Das Bundesverteidigungsministerium hatte bereits Anfang Juli mitgeteilt, keine zusätzlichen Flüge erlaubt zu haben. Verteidigungsminister Franz-Josef Jung (CDU) entschuldigte sich für die Lärmbelästigung und zog disziplinarrechtliche Konsequenzen wegen des Tiefflugs in Erwägung, das Grundgesetz sei jedoch keinesfalls verletzt worden. In ihrer Antwort auf eine kleine Anfrage zum Thema bestreitet die Bundesregierung zudem ihre Zuständigkeit, weil nach der Gewährung von Amtshilfe ausschließlich die anfragende Behörde – im Fall der Tornado-Flüge die Kavala – für die zur Verfügung gestellten Mittel verantwortlich sei. Eine Notwendigkeitsprüfung hat die Regierung nach eigener Auskunft nicht vorgenommen, weil das ebenfalls Sache des Antragstellers sei. Christoph Marischka von der Informationsstelle Militarisierung denkt diese Logik zu Ende: »Dies bedeutet praktisch, wenn eine Behörde Unterstützung durch die Bundeswehr anfordert, so ist diese auch nötig und deshalb rechtens.«
Die Opposition wirft dem Bundesverteidigungsminister Jung und dem Landesinnenminister Caffier angesichts der ungeklärten Zuständigkeiten vor, »ihren Laden nicht im Griff zu haben« (Alexander Bode, Grüne). Kritiker spekulieren gar, Innenminister Wolfgang Schäuble (CDU), dessen Vorliebe für Inlandseinsätze der Armee bekannt ist, könne der Drahtzieher gewesen sein. Ihm hätte es allerdings wohl besser gefallen, die Bundeswehrverbände hätten unauffällig ihren Dienst geleistet, um ohne großes Aufsehen zur weiteren Normalisierung der rechtlich fragwürdigen Einsätze beizutragen. Ein Gesetz lässt sich erfahrungsgemäß leichter durchsetzen, wenn es eine bereits gängige Praxis legalisiert.
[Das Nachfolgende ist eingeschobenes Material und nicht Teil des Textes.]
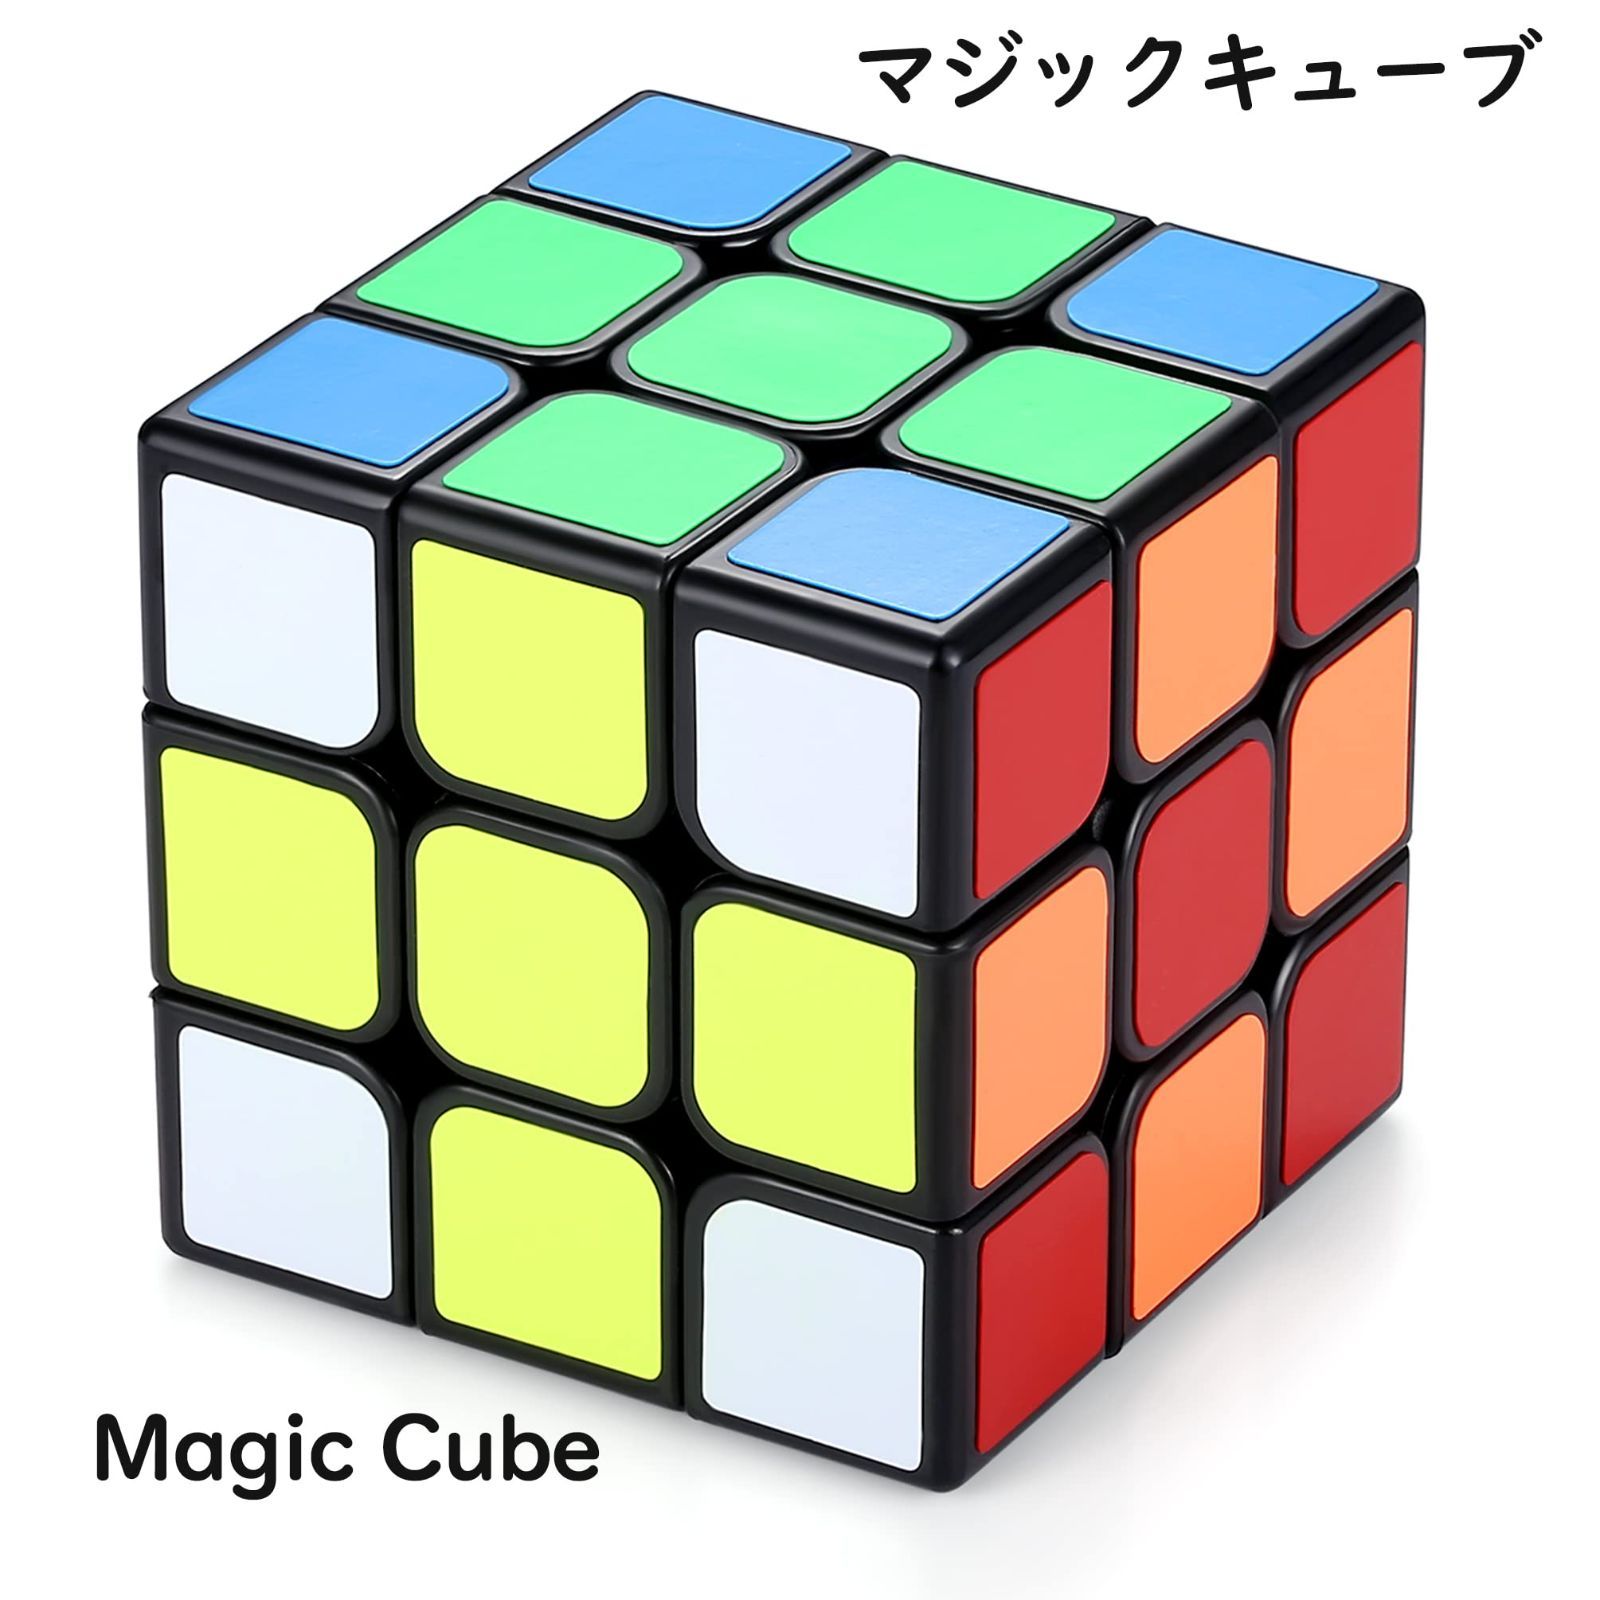 値引 マジックキューブ Magic Cube 魔方 競技専用キューブ 回転スムーズ 立体パズル 世界基準配色 競技版2
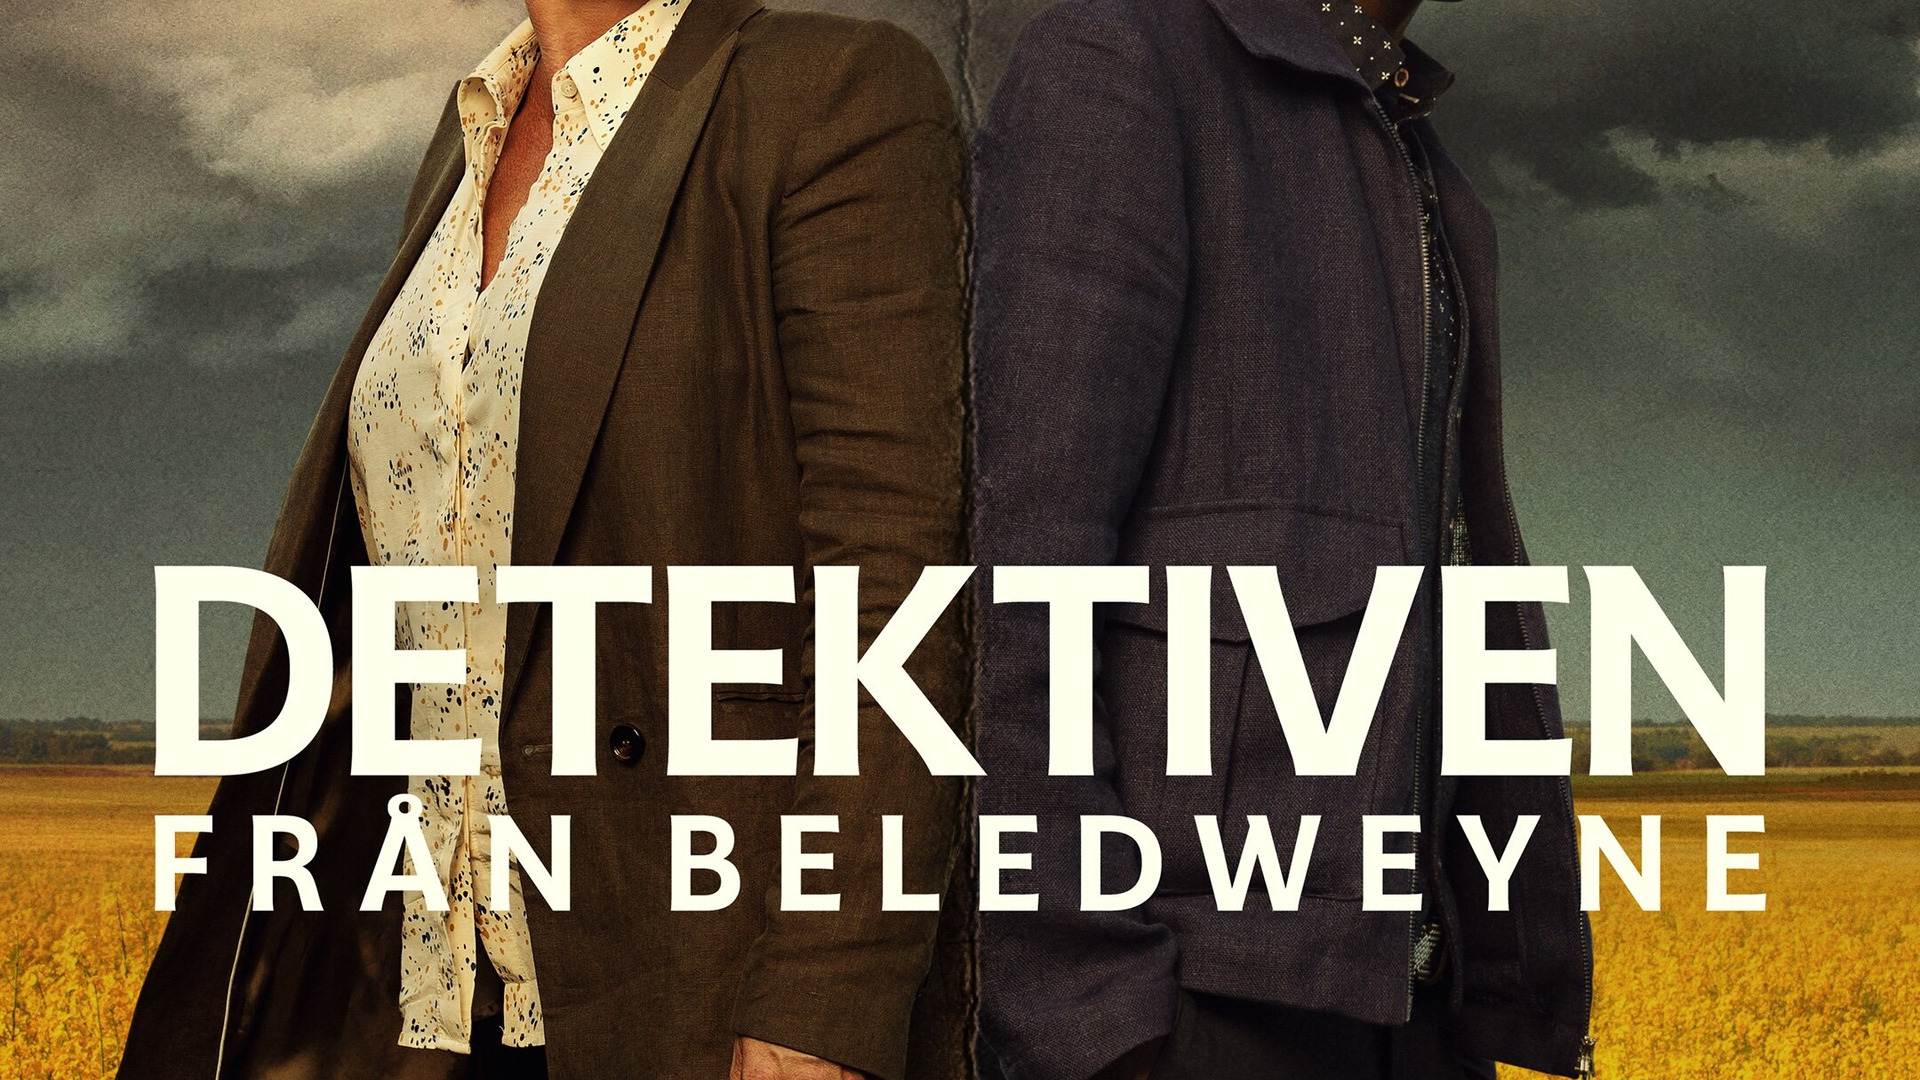 Show Detektiven från Beledweyne

Wer die Bundeswehrflüge wirklich angeordnet hat, bringt vielleicht ein parlamentarischer Untersuchungsausschuss ans Licht. Der Opposition wird dabei allerdings besonders an der Demontage des Verteidigungsministers gelegen sein. So kommt es zwar möglicherweise zu persönlichen Konsequenzen, eine grundsätzliche Abkehr davon, die Bundeswehr immer regelmäßiger auch im Inland einzusetzen, ist dagegen nicht abzusehen.